I also made some sketches of possible visualizations that I could put together:
Prep data¶
Most of what I need to make the plots in the figure above is not available yet. In the rest of this notebook I'm going to work on extracting what I will need.
# IMPORTS
# since this notebook lives in a sub-folder of the main project, I'll add the main folder to the python path
import sys
sys.path.append("../")
# Load my module
from tools.glooko import read_all
# Load extra stuff that I need
import numpy as np
from scipy.ndimage import gaussian_filter1d
from scipy.signal import argrelextrema
# Plotting (matplotlib widge allows for interactivity in the live notebook)
import matplotlib.pyplot as plt
%matplotlib widget
# LOAD DATA
df_cgm, df_bolus, df_basal, df_insulin = read_all(r"../data")
# Extract carb correction and insulin correction from bolus dataframe; add as new columns (I think I want these
# split out, but I'm not sure. If it works out I may add to my glooko module.
df_bolus["carb_correction"] = np.divide(df_bolus["carbs_input"], df_bolus["carb_ratio"])

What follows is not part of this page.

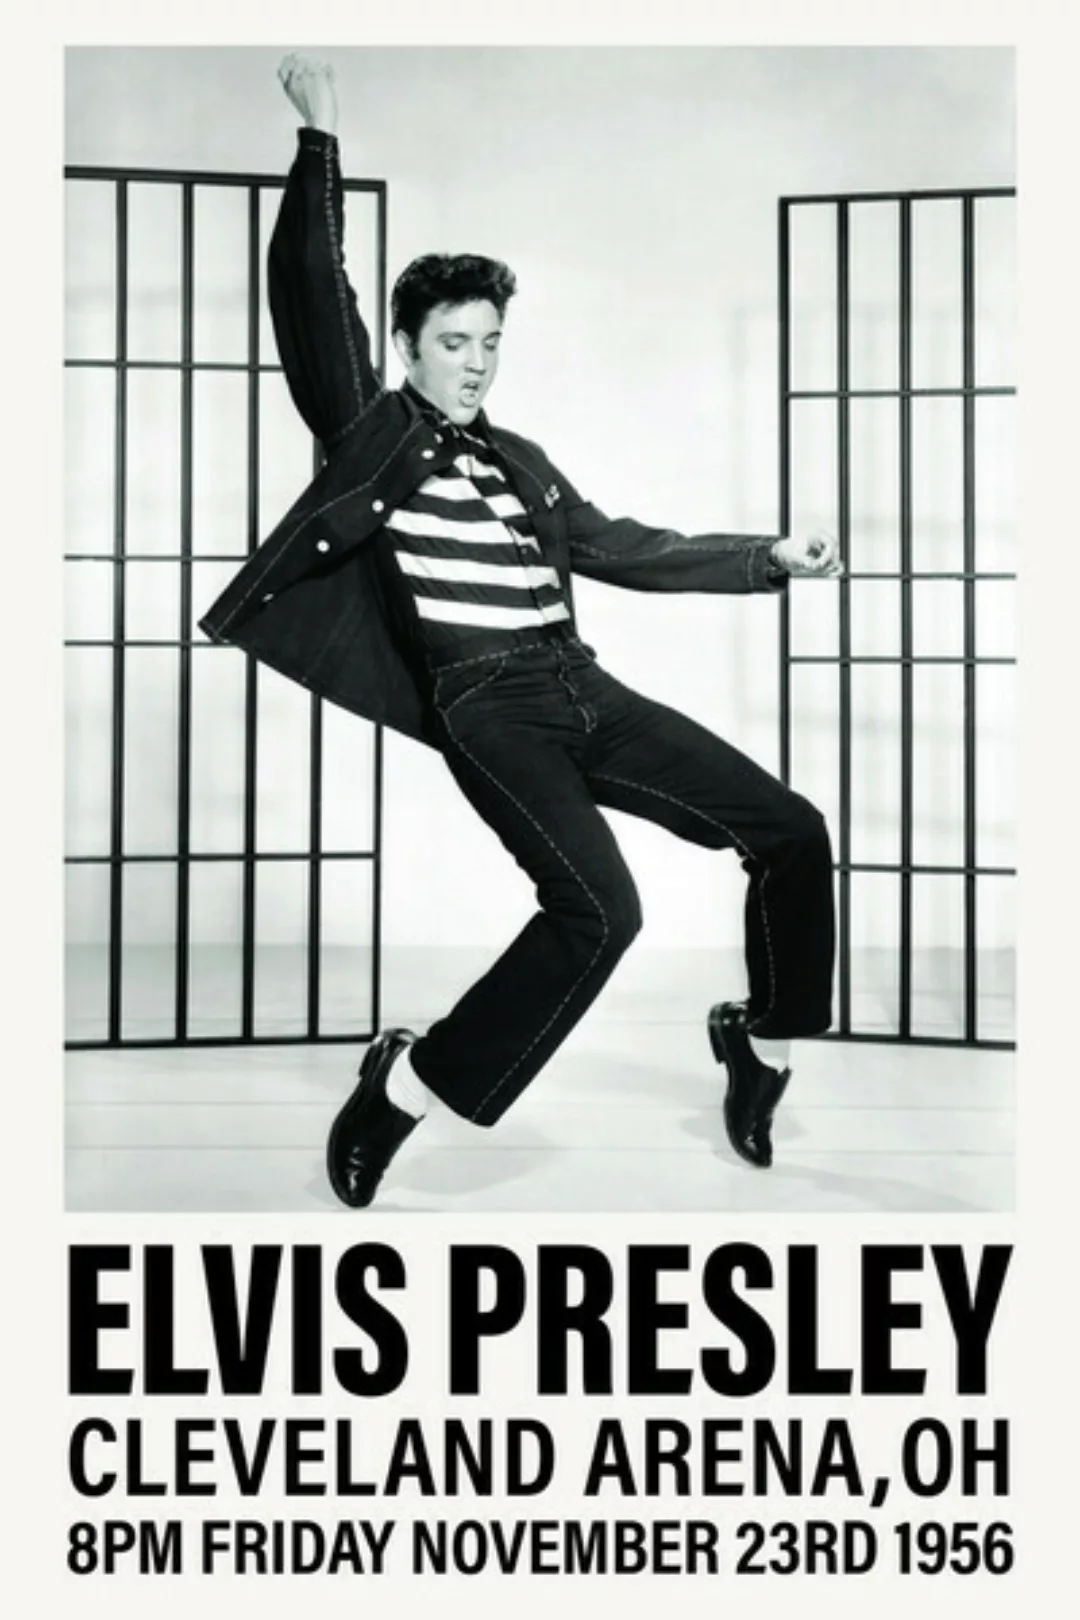 Poster / Leinwandbild - Elvis Presley günstig online kaufen

df_bolus["insulin_correction"] = df_bolus["insulin_delivered"] - df_bolus["carb_correction"]
Get Unique Days¶
Since the plots I planned above all have date along the x axis, I'll need to split out the data by unique day. At this point I have only 2023 data, so technically year is not needed, but just in case I end up looking at data that spans two (or more???) years, I'll construct a column for "year-day". So it will look like "2023-018" for January 18th, 2023.
df_cgm["dayofyear"] = df_cgm["time"].dt.dayofyear
df_cgm["year"] = df_cgm["time"].dt.year
df_cgm["yearday"] = df_cgm["year"].astype(str) + '-' + df_cgm["dayofyear"].map('{:03.0f}'.format)
# Print a list of the unique day being analyzed
unique_days = np.unique(df_cgm["yearday"])
print(unique_days)
['2023-018' '2023-019' '2023-020' '2023-021' '2023-022' '2023-023' '2023-024' '2023-025' '2023-026' '2023-027' '2023-028' '2023-029' '2023-030' '2023-031' '2023-032' '2023-033' '2023-034' '2023-035' '2023-036' '2023-037' '2023-038' '2023-039' '2023-040' '2023-041' '2023-042' '2023-043' '2023-044' '2023-045' '2023-046' '2023-047' '2023-048' '2023-049' '2023-050' '2023-051' '2023-052' '2023-053' '2023-054' '2023-055']
Histograms¶
# Set up histogram bins
bin_width = 10 # units - mg/dL
bin_min = 50
bin_max = 400
bin_edges = np.arange(bin_min, bin_max+1, bin_width)
bin_centers = bin_edges[:-1] + (bin_width/2)
# Loop through dates and compute BG histogram for each day
bg_histo_arr = [] # initialize a list to hold the histogram array
for day in unique_days:
bg_sub = df_cgm[df_cgm["yearday"] == day]["bg"]
count,_ = np.histogram(bg_sub, bins=bin_edges)
bg_histo_arr.append(count)
# Convert to numpy array
bg_histo_arr = np.array(bg_histo_arr).transpose()
# Plot the 2D histogram
fig, ax = plt.subplots(1,1)
h = ax.pcolormesh(bg_histo_arr)
# x-axis
x = plt.xticks()[0]
x = x[(x>0) & (x<len(unique_days))]
ax.set_xticks(x)
ax.set_xticklabels(unique_days[[int(a) for a in x]], rotation=45)
ax.set_xlabel('Year-day')
# y-axis
y = plt.yticks()[0]
y = y[(y>0) & (y<len(bin_centers))]
ax.set_yticks(y)
bin_center_labels = np.array([int(a) for a in bin_centers])
ax.set_yticklabels(bin_center_labels[[int(a) for a in y]]);
ax.set_ylabel('Blood glucose (mg/dL)')
fig.colorbar(h, ax=ax)
ax.set_title('Frequencies of BGs in ' + str(bin_width) + 'mg/dL sized bins');
fig.tight_layout()
Thoughts¶
- I am still interested in looking at the distributions of BGs across different days but I don't love this particular method of visualization.
- It's a little hard to see patterns the way I want to because it's hard to visually process subtle differences in color. I think it would be better to plot height explicitly - perhaps using Seaborn's KDE functionality
- I needed year-day to uniquely split out days, but it's not helpful for interpretation. Converting axis labels to something like month/day would probably be better.
- I didn't get to the CGMs per hour per day, and still want to look at that
- Even though I don't prefer it, I think I should add a function for generating this type of histogram and put it into a module for easier access.